Мне понравилась его реакция. Не было приторной, убивающей вкус сладости, просто ради красного словца, или ради продолжения беззаботного движения по пути наименьшего сопротивления со случайным попутчиком в позднем купе. Не было и злобы, плохо скрытой иронии, умения похвалить слабое место, чтобы дать понять, как все плохо. Может быть, он чуть-чуть рисовался, строил из себя знатока. Но я был благодарен ему. За что? За внимание, наверное. Он действительно прочитал стихотворение и попытался мне объяснить, что ему понравилось. Это большая редкость. Для этого нужно было принять участие, что стало совершенно непопулярно. Я прекрасно понимал цену своему поэтическому отпрыску, но мне была важна его реакция. И он меня не подвел. Акции Михи продолжали ползти вверх.

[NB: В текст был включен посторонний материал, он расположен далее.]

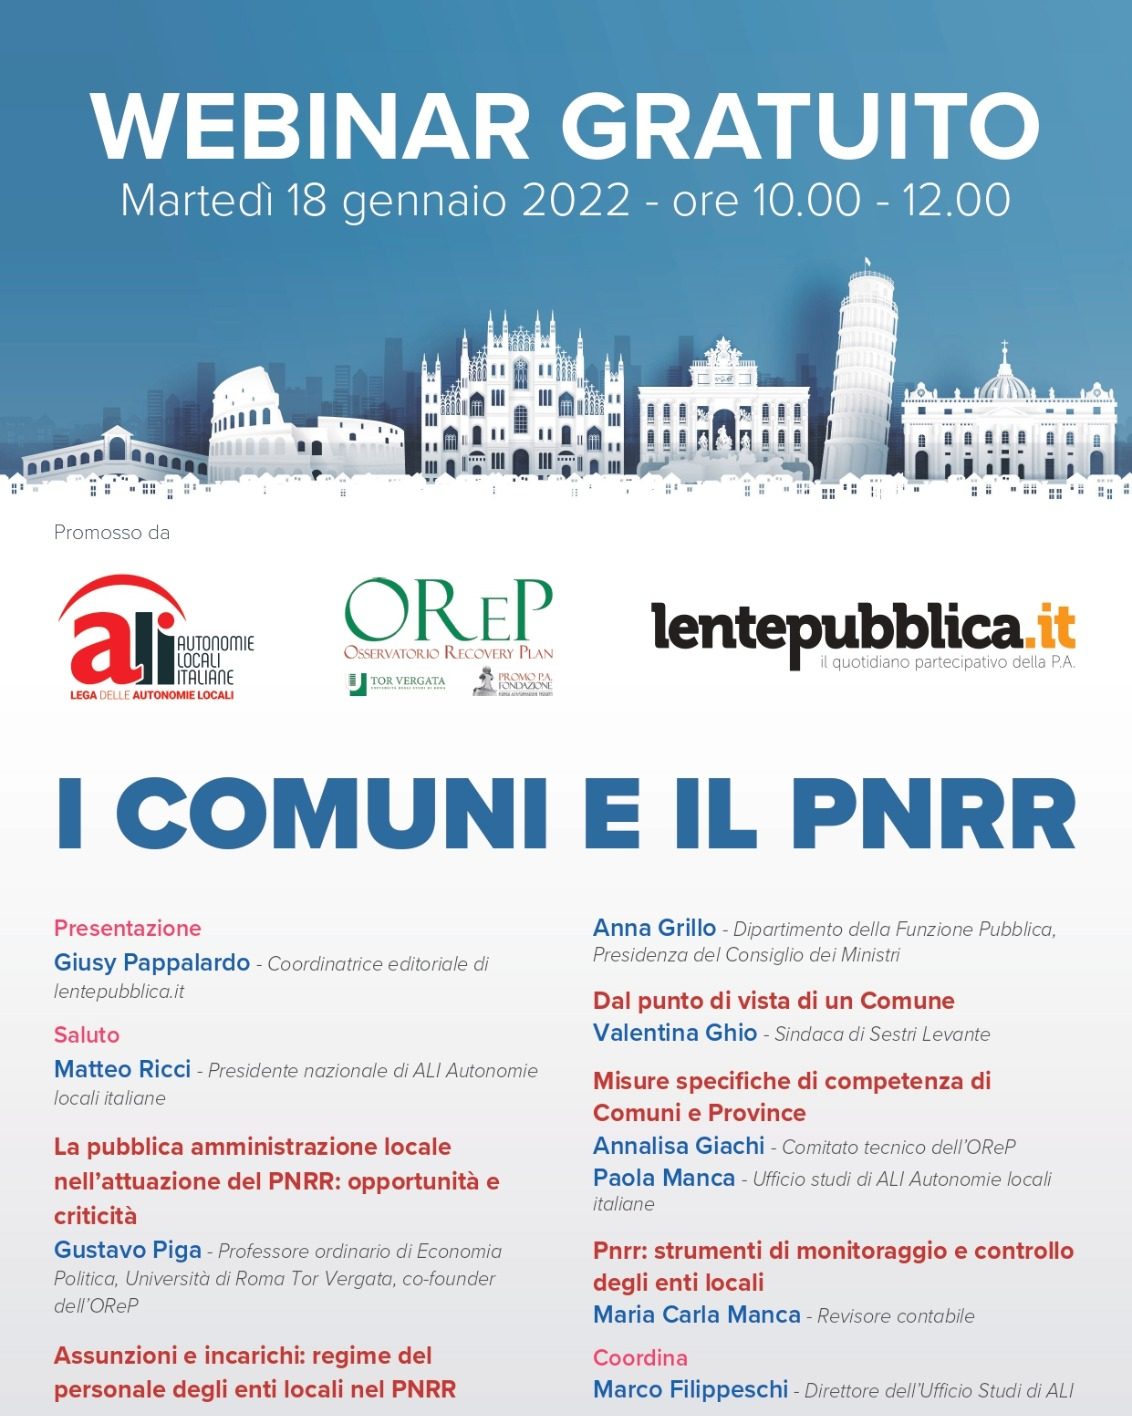 COMUNI E PNRR. Ali e lentepubblica, con l’OReP, webinar gratuito, martedì 18 gennaio

– Ну, хорошо. Давай тогда попробуем по-другому. О чем это стихотворение?
– Вот ты спросил, так спросил! Я толком не знаю… Может быть, знал в тот момент, когда печатал эти слова, хотя и тогда – вряд ли. Скорее уж – зачем это стихотворение? Хотелось поймать за хвост посетившее меня ощущение, того самого зверя с наперстком души. Тут смешалась и боязнь своего отражения в зеркале, но главное, конечно, тех мыслей, которые меня посещают часто, постоянно. Мысли, которые, вырвавшись наружу, раскрыли бы мою звериную сущность. И я думаю, что дело тут не во мне – это у всех так. И секрет тут в том, что не все звериные мысли плохи, да и незвериных мыслей в достатке, а в том, что Божий дар, этот наперсток, не делает жизнь проще. Мы не бегаем по лесу в поисках добычи, но нить по-прежнему тонка и запутана, и вообще в душе штормит… А еще и вокруг звери с вполне себе человеческими лицами, которые сидят как маски… Вот все это хотелось поймать, а уж там рифмы и строфы наложились сами собой. Хотелось поймать это настроение. Кто-то рисует, а я как умею…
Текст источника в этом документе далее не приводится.